Seminar

Seminar: Melting Ice Caps and the Economic Impact of Opening the Northern Sea Route

Tuesday March 4th, Hugo Rojas-Romagosa (CPB) will present "Melting Ice Caps and the Economic Impact of Opening the Northern Sea Route".

Date
March 4, 2014
Time
00:00
Location
CPB-office, Van Stolkweg 14, The Hague

NOTE!!! THIS SEMINAR STARTS AT 15.00H

Time: 15.00-16.00 hours
Location: CPB-office, Van Stolkweg 14, The Hague

Presentation: Hugo Rojas-Romagosa (CPB)

Discussant: TBA

Language: English

Registration:  Please register by sending an email to seminars@cpb.nl.

Abstract subject
A consequence of melting Arctic ice caps is the possible commercial opening of the Northern Sea Route (NSR), connecting North East Asia (i.e.

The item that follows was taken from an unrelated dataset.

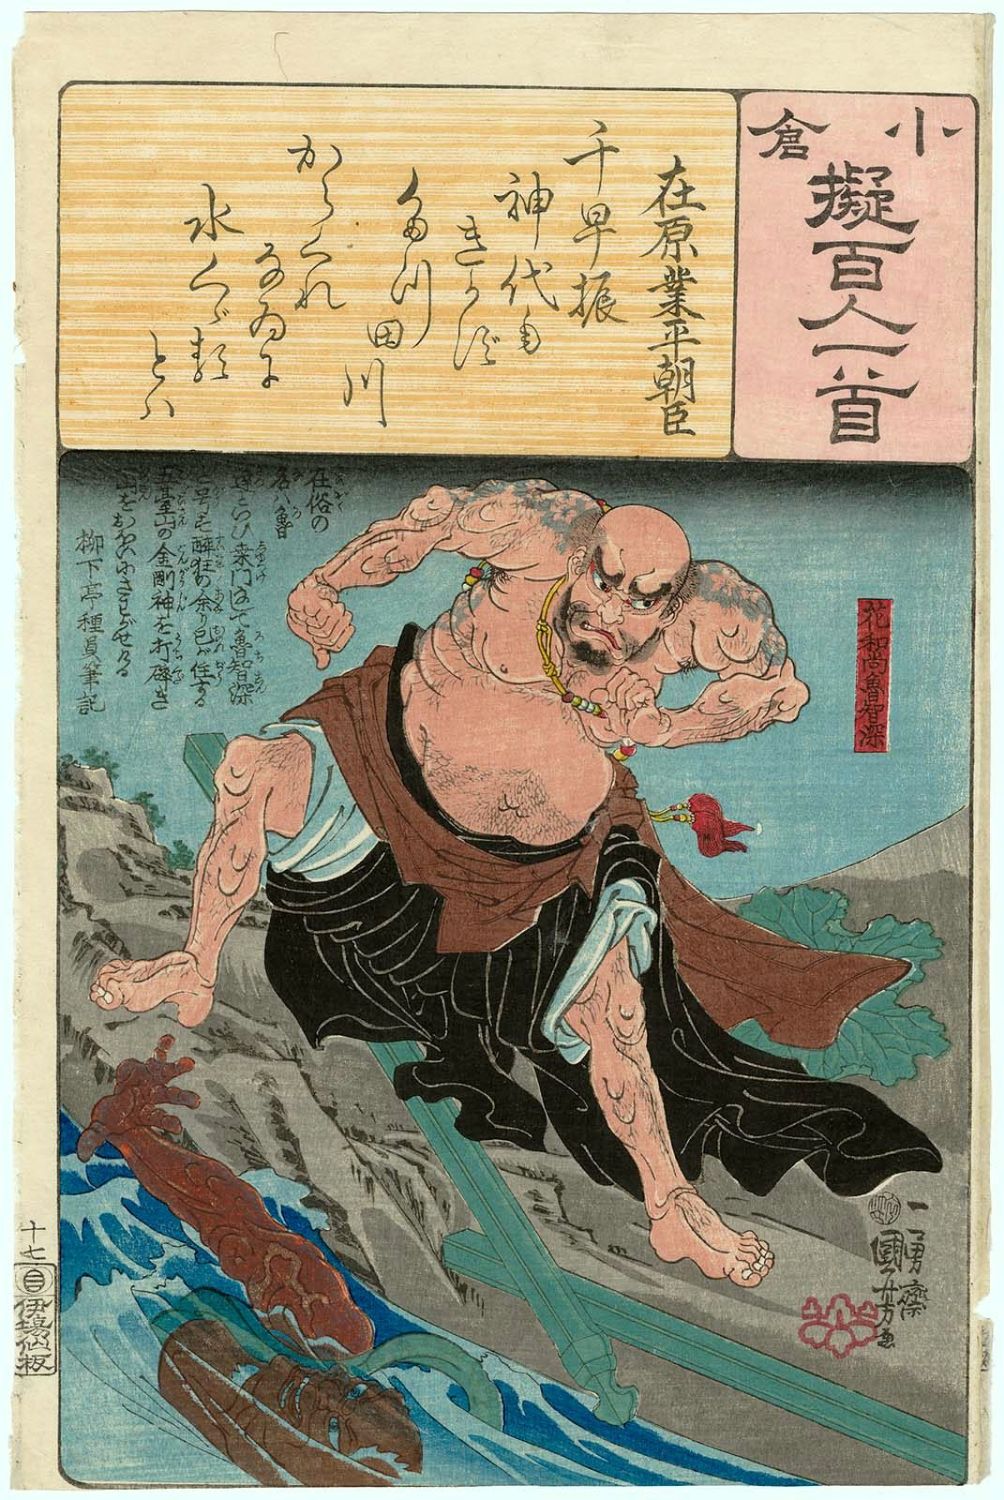 Utagawa Hiroshige: Usuyuki-hime 薄雪姫 (Princess Usuyuki) / Ogura 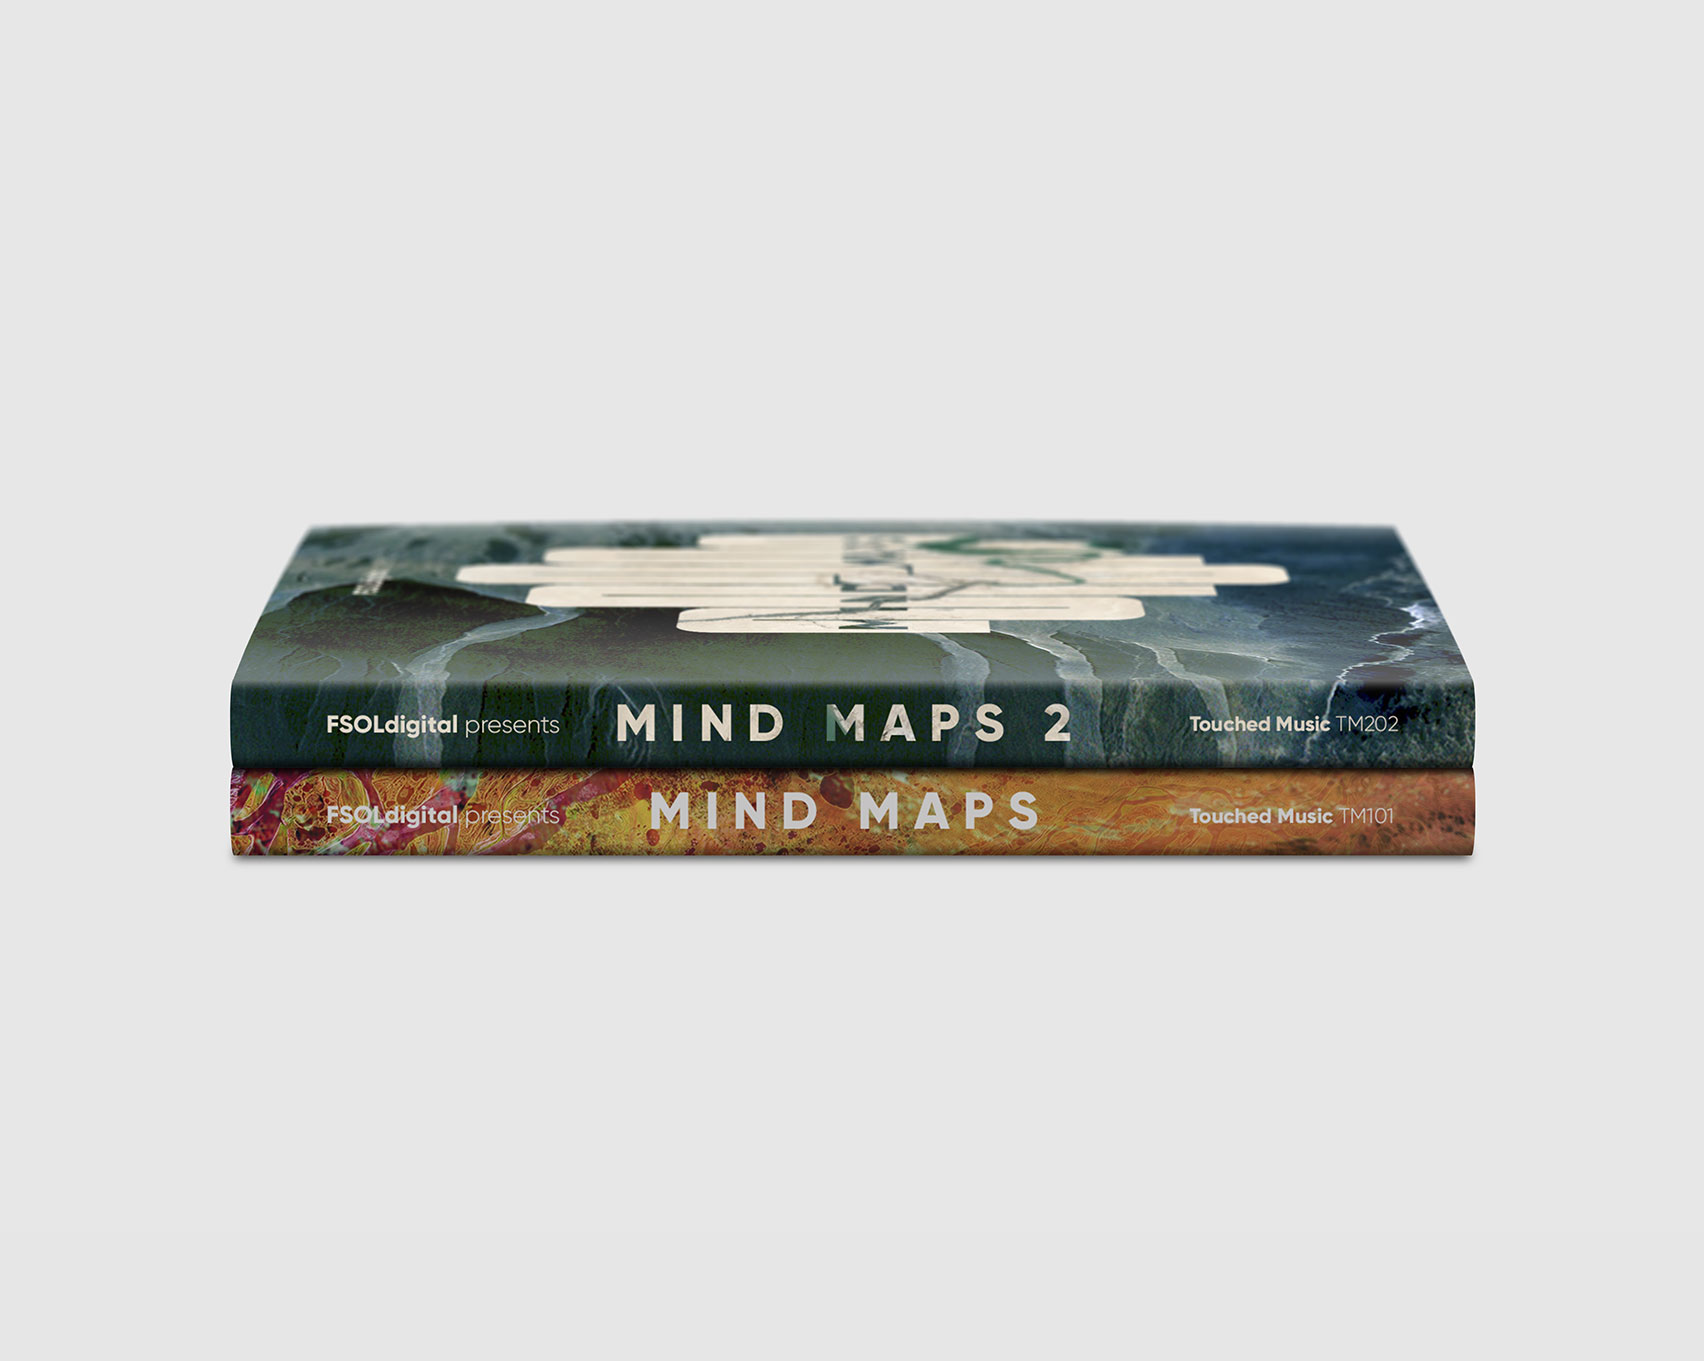 Mind Maps and Mind Maps 2

Japan, Korea and China) with Northwestern Europe. In practical terms this represents a sizeable reduction in the sea route distance by around 4000 km, or roughly 40% less than the current shipping distance using the Southern Sea Route (SSR), which includes the Indian Ocean and the Suez Canal. In this paper we examine the economic impact of the opening of the NSR. In a first step we estimate bilateral geographic shipping distance reductions linked to the NSR.  We then link shipping distance reductions to projected changes in trade volumes and implied total (non-shipping) distance costs using a regression-based gravity model. As a last step of our analysis we integrate both estimates into a computational general equilibrium (CGE) model of the global economy  to assess the impact on bilateral trade flows, sectoral output, overall welfare, and employment/wage changes. We also analyze the changes that shorter shipping routes have on transport related pollution levels, which depend on both shorter distances but also on potentially larger trade volumes. The redirection of trade has major geopolitical implications linked to both a dramatic drop in traffic taking the SSR (and so passing through Suez) and high volume traffic along ecologically sensitive Arctic routes.